Task brief :: Write down the listing again exactly as it appears below, without its pictures.
-------- Source data
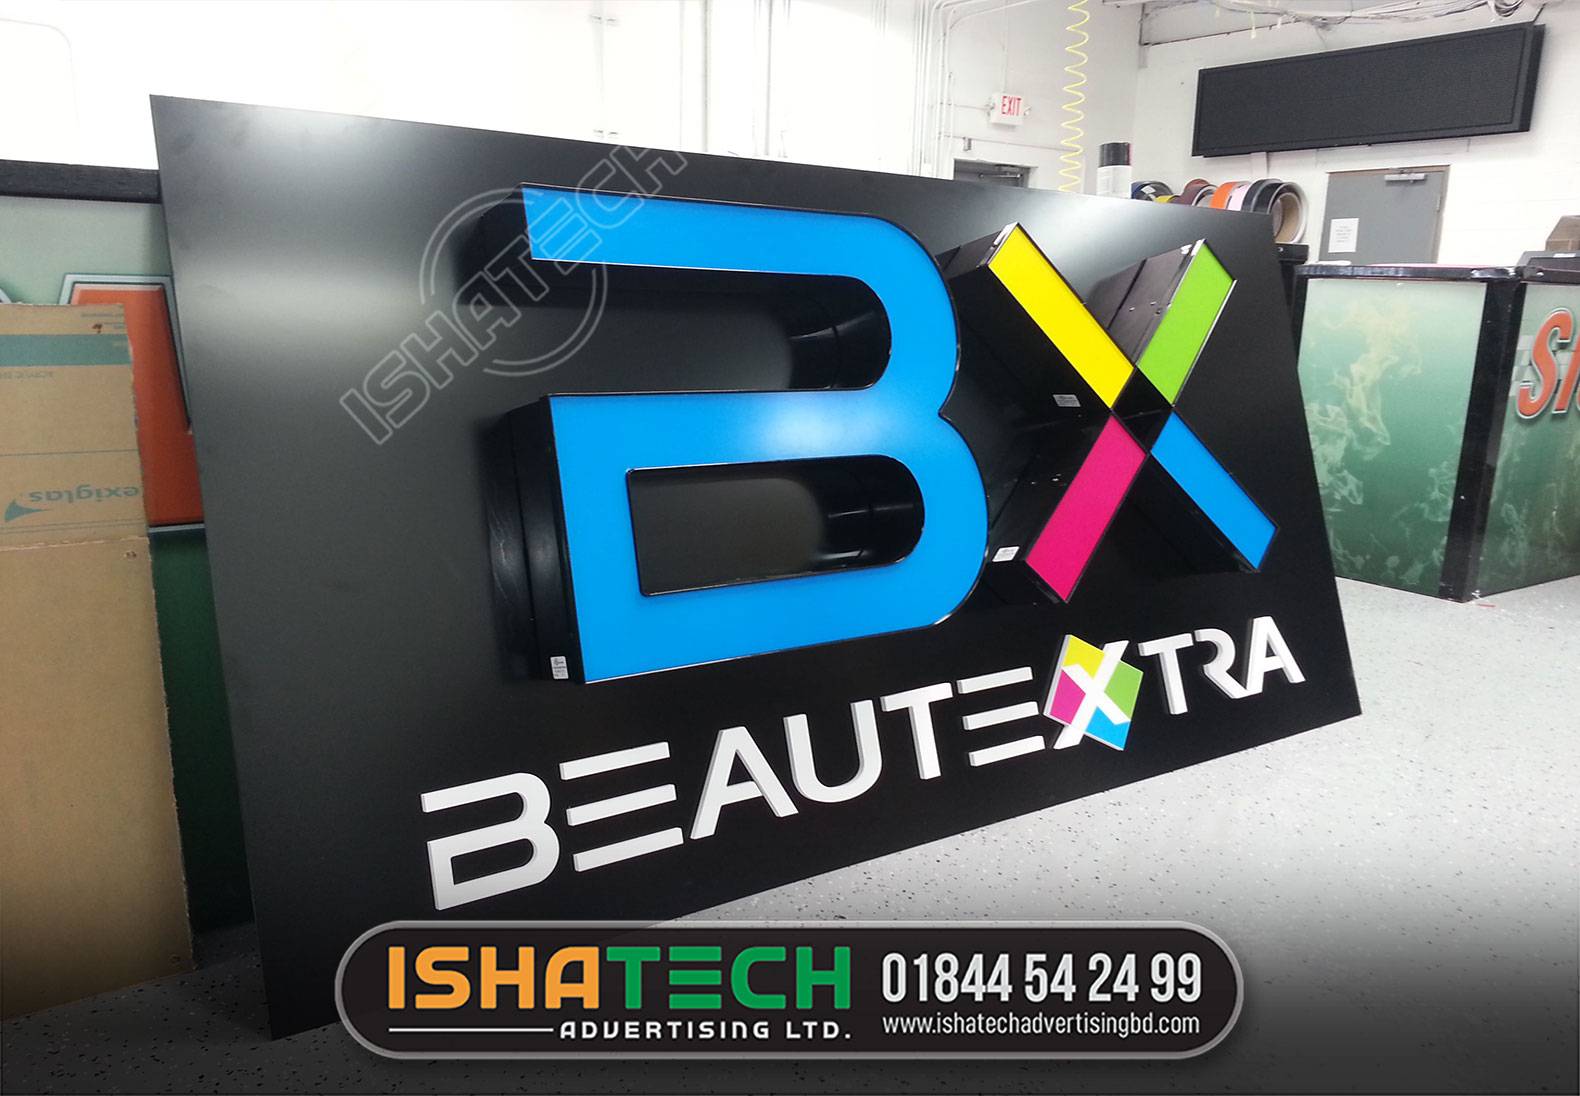 BX BEAUTEXTRA ACRYLIC NAMEPLATE MAKING | ACRYLIC LETTER ROUND SIDE SS SIGNAGE AND BACKGROUND GLASS NAMEPLATE MAKING BY ISHATECH ADVERTISING LTD
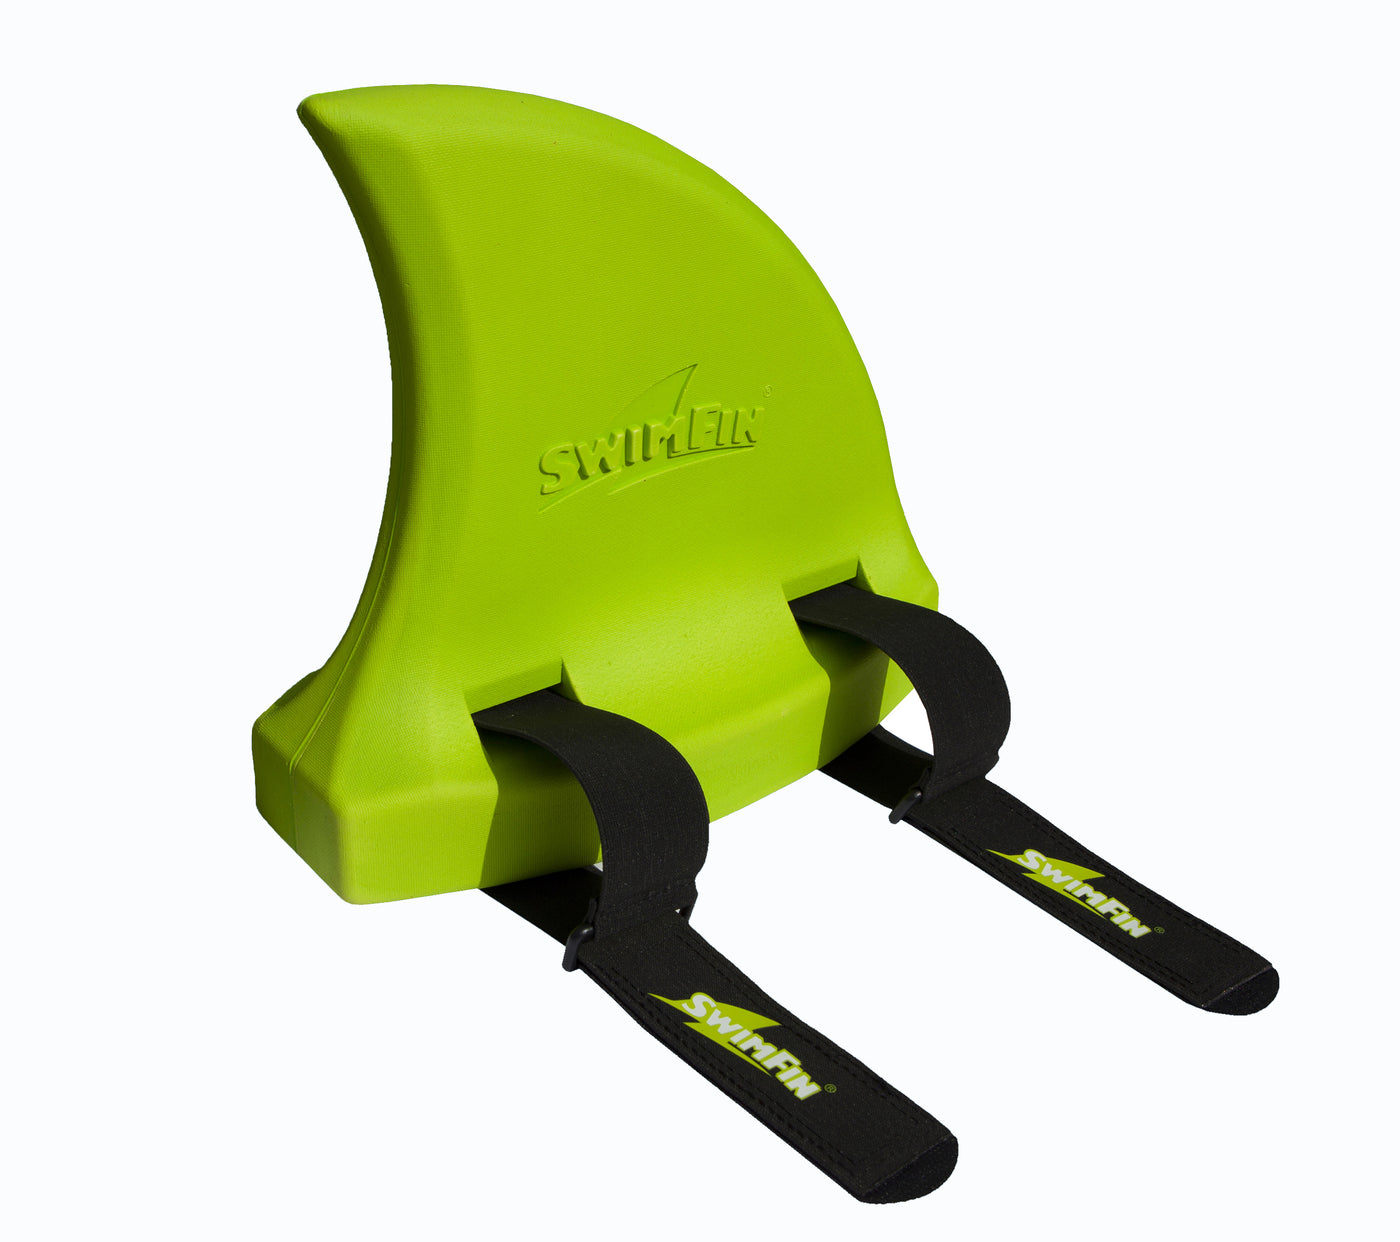 SwimFin in green, the Shark Fin for Children learning to swim, a safety swimming aid and flotation device.
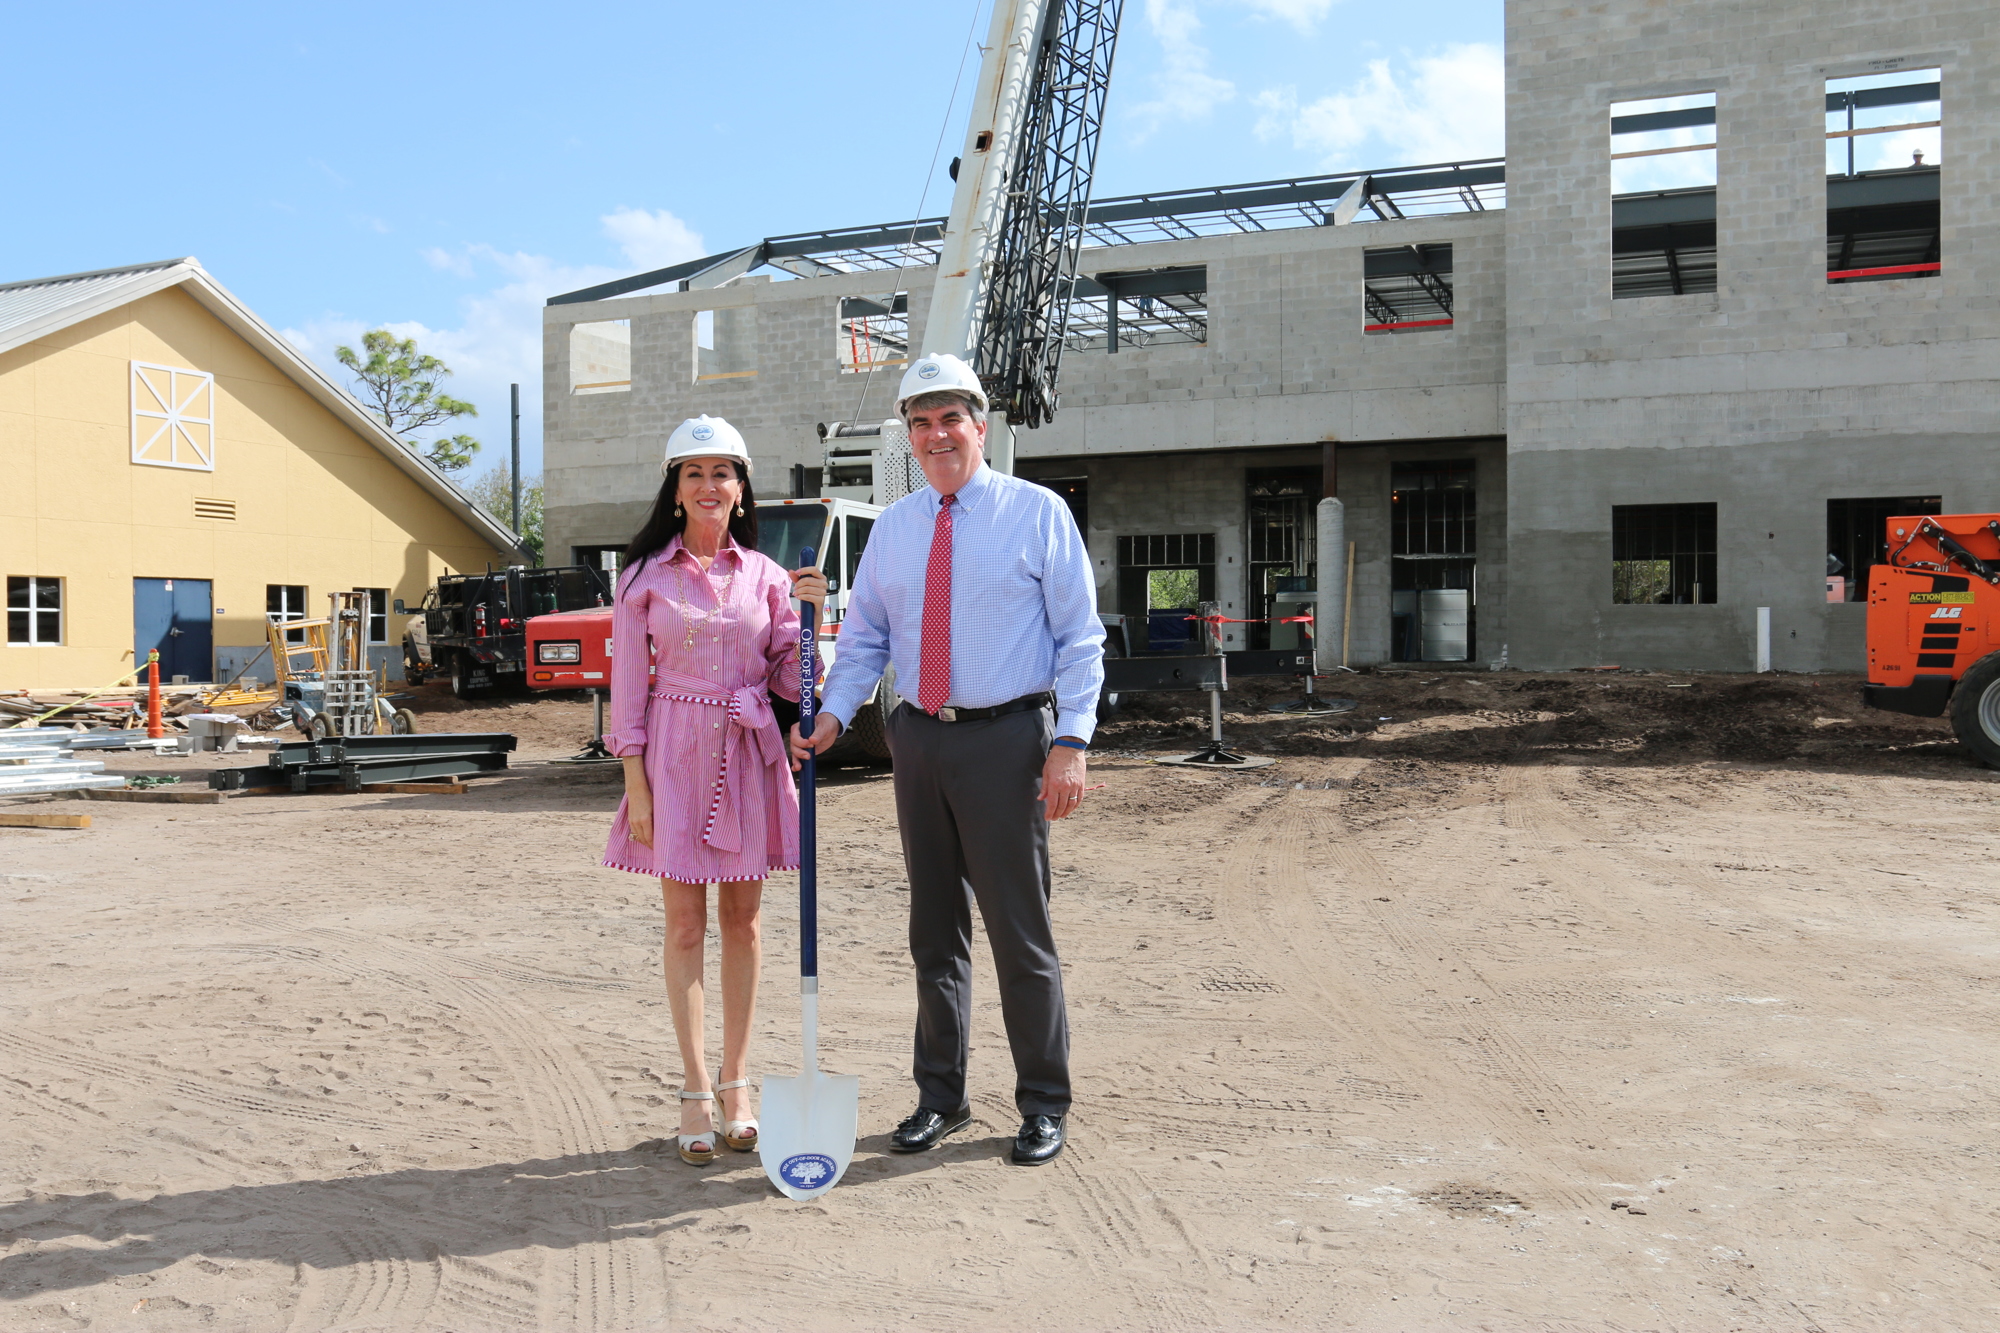 Ashley Kozel, Out-of-Door Academy's chair of the Board of Trustees, and David Mahler, head of school, look forward to providing a new building and programming for ODA's middle schoolers. Courtesy photo.
----------------
Expected output ::
 BX BEAUTEXTRA ACRYLIC NAMEPLATE MAKING | ACRYLIC LETTER ROUND SIDE SS SIGNAGE AND BACKGROUND GLASS NAMEPLATE MAKING BY ISHATECH ADVERTISING LTD
 SwimFin in green, the Shark Fin for Children learning to swim, a safety swimming aid and flotation device.
 Ashley Kozel, Out-of-Door Academy's chair of the Board of Trustees, and David Mahler, head of school, look forward to providing a new building and programming for ODA's middle schoolers. Courtesy photo.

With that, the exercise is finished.